Du würdest also bei der elektronischen Musik eher das Transdiziplinäre suchen?

Ja, genau. Für meine Konzertreihe Labohr in Olten habe ich übrigens vermehrt auch Synths mitgebracht. Ich fühle mich da schon zunehmend zuhause.

 

Für eine der letzten Labohr-Veranstaltungen hast du einmal auch den Jazz- und Elektronikmusiker Bruno Spoerri eingeladen, oder?

Genau, das war mega toll!

 

Er ist wahrscheinlich recht ähnlich wie du – vom Jazz geprägt und gleichzeitig an der elektronischen Musik interessiert?

Ja! Er ist ein grosses Vorbild. Er interessiert sich wirklich für die genau gleichen Sachen. Er ist sehr offen, und gleichzeitig pflegt er auch die Tradition des Jazz sehr stark. Ich finde, wenn man sich für zwei Dinge interessiert, sollte man beide sehr intensiv verfolgen. Sonst ist es vielleicht besser, wenn man sich nur für eines entscheidet. Und er macht das definitiv.

 

Nehmen wir einmal an, du hättest unbegrenzte Geld- und Zeitressourcen. Was wäre dein liebstes musikalisches Projekt?

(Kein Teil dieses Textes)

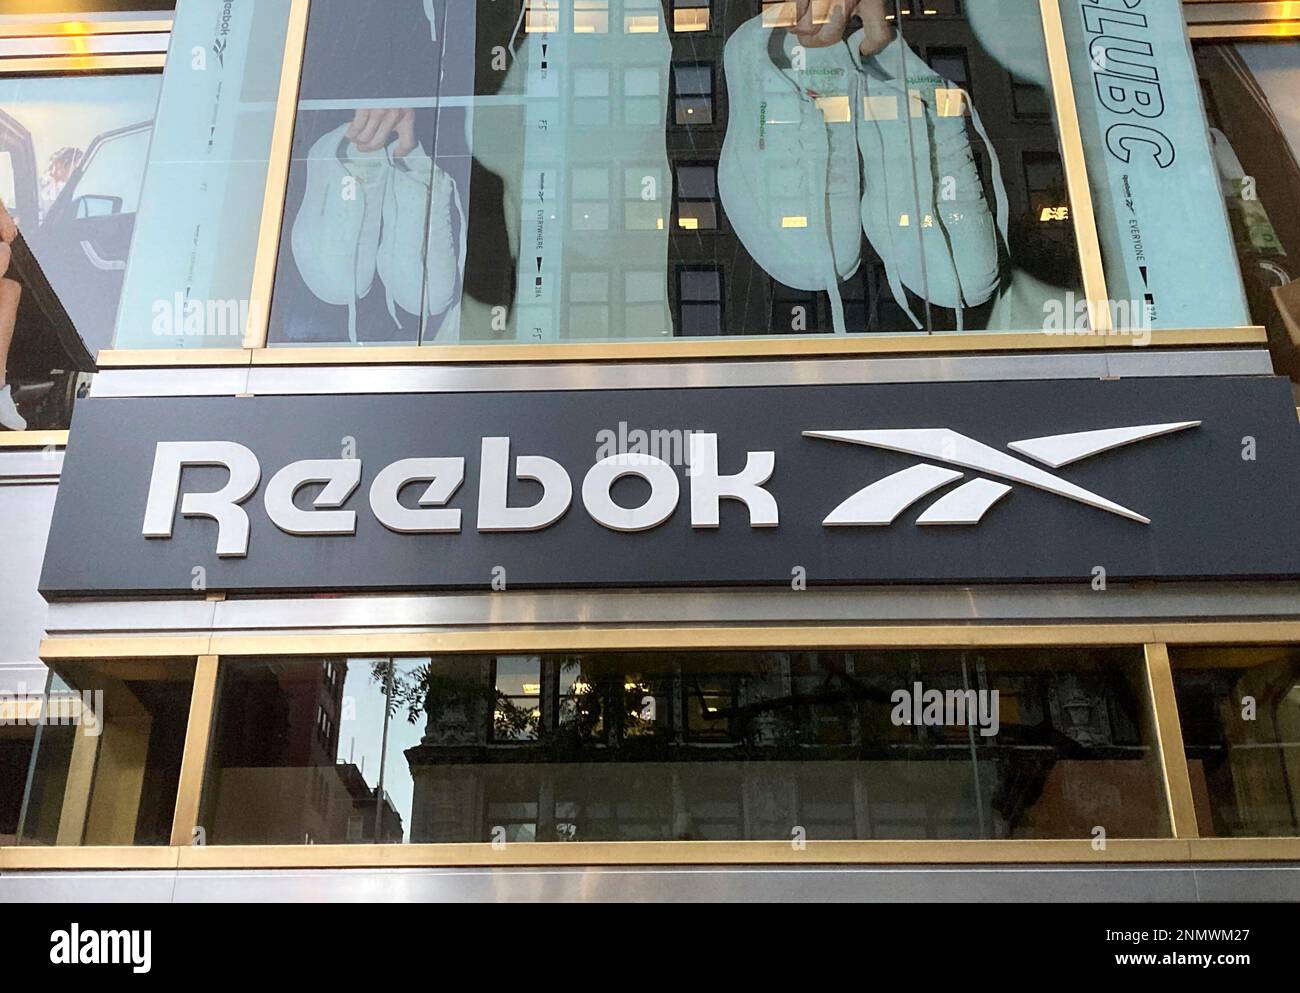 AUGUST 12th 2021: Adidas sells Reebok to Authentic Brands Group for $2.5  billion. - File Photo by: zz/STRF/STAR MAX/IPx 2020 11/4/20 Businesses and  industry in Manhattan, New York City on November 4, 2020 during the  worldwide coronavirus ...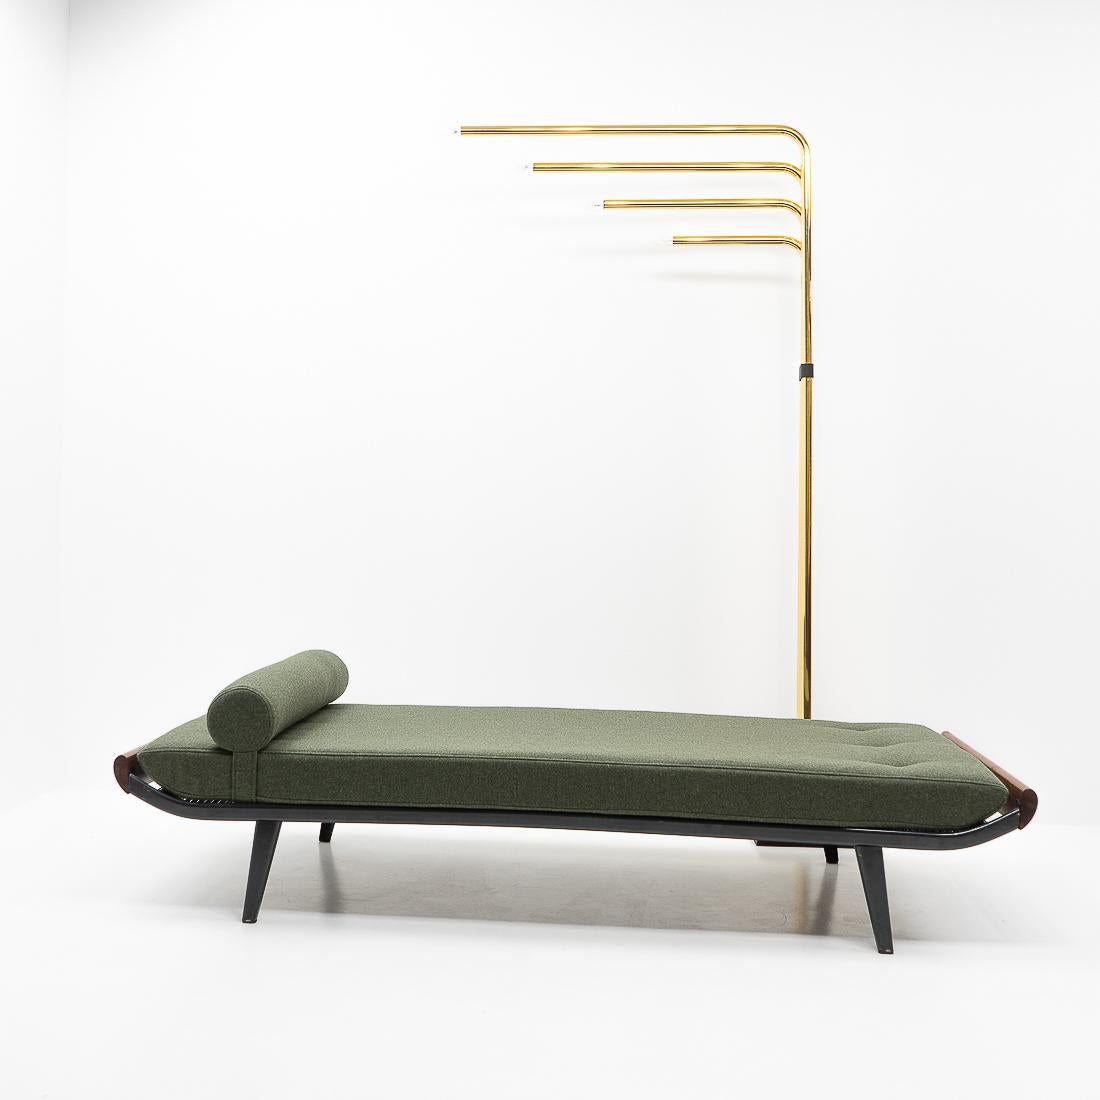 Metal Industrial Design Classic Cleopatra Daybed by Dick Cordemijer for Auping, 1950s

Ich würde mir ein unglaublich schönes Studio bauen, wo ich das Setup habe, das ich mir erarbeitet habe – einerseits mit meinen Saxophonen und andererseits mit meinen Synths. Ich habe im Lockdown gemerkt, dass ich auch mega gerne einfach für mich Musik mache tagsüber, diese langen Drones. Die beflügeln mich sehr. Ich dachte immer, mein Leben müsse auf einer Bühne stattfinden. Aber ich habe gemerkt, dass ich schon mega glücklich bin, wenn ich einfach nur Musik machen kann. Ich würde mir also einen Soundtempel bauen (lacht), wo ich einfach darin arbeiten kann, allein und mit anderen.

 

Du könntest doch Drone-Unterricht anbieten. Beruhigende Musik für Körper, Geist und Seele!

Stimmt, das muss ich mir überlegen! Gute Idee (lacht). Ich glaube, das würde auch vielen Kids sehr gut tun. Und Erwachsenen auch. Mit meiner Tochter zum Beispiel mache ich das ziemlich aktiv. Ich mache mit ihr jeden Tag ein bisschen Musik.

 

Das Stück, das ich dir gegeben habe – das war ja ein spontaner Songschnipsel von Sunita. Der ist mir irgendwie direkt ins Herz gegangen. 

Mir auch. Einfach deshalb, weil er mega ehrlich ist, glaube ich. Mir fällt allgemein immer mehr auf, wie stark wir als Musiker*innen unsere Arbeit perfektionieren, und dabei manchmal das Wichtigste ausser Acht lassen. Gestern habe ich ein Video gesehen vom Saxophonisten Archie Shepp, der einen ganz speziellen Ansatz hat. Er hält das Mundstück nicht mit den Zähnen, nur mit den Lippen. Er hat eigentlich eine sehr schlechte Intonation – aber wenn er spielt, ist es so wundervoll, und seine musikalischen Aussagen gehen auch direkt ins Herz. Und diese Aufnahme von Sunita ist auch so rein und direkt. Eigentlich das Beste, was passieren kann!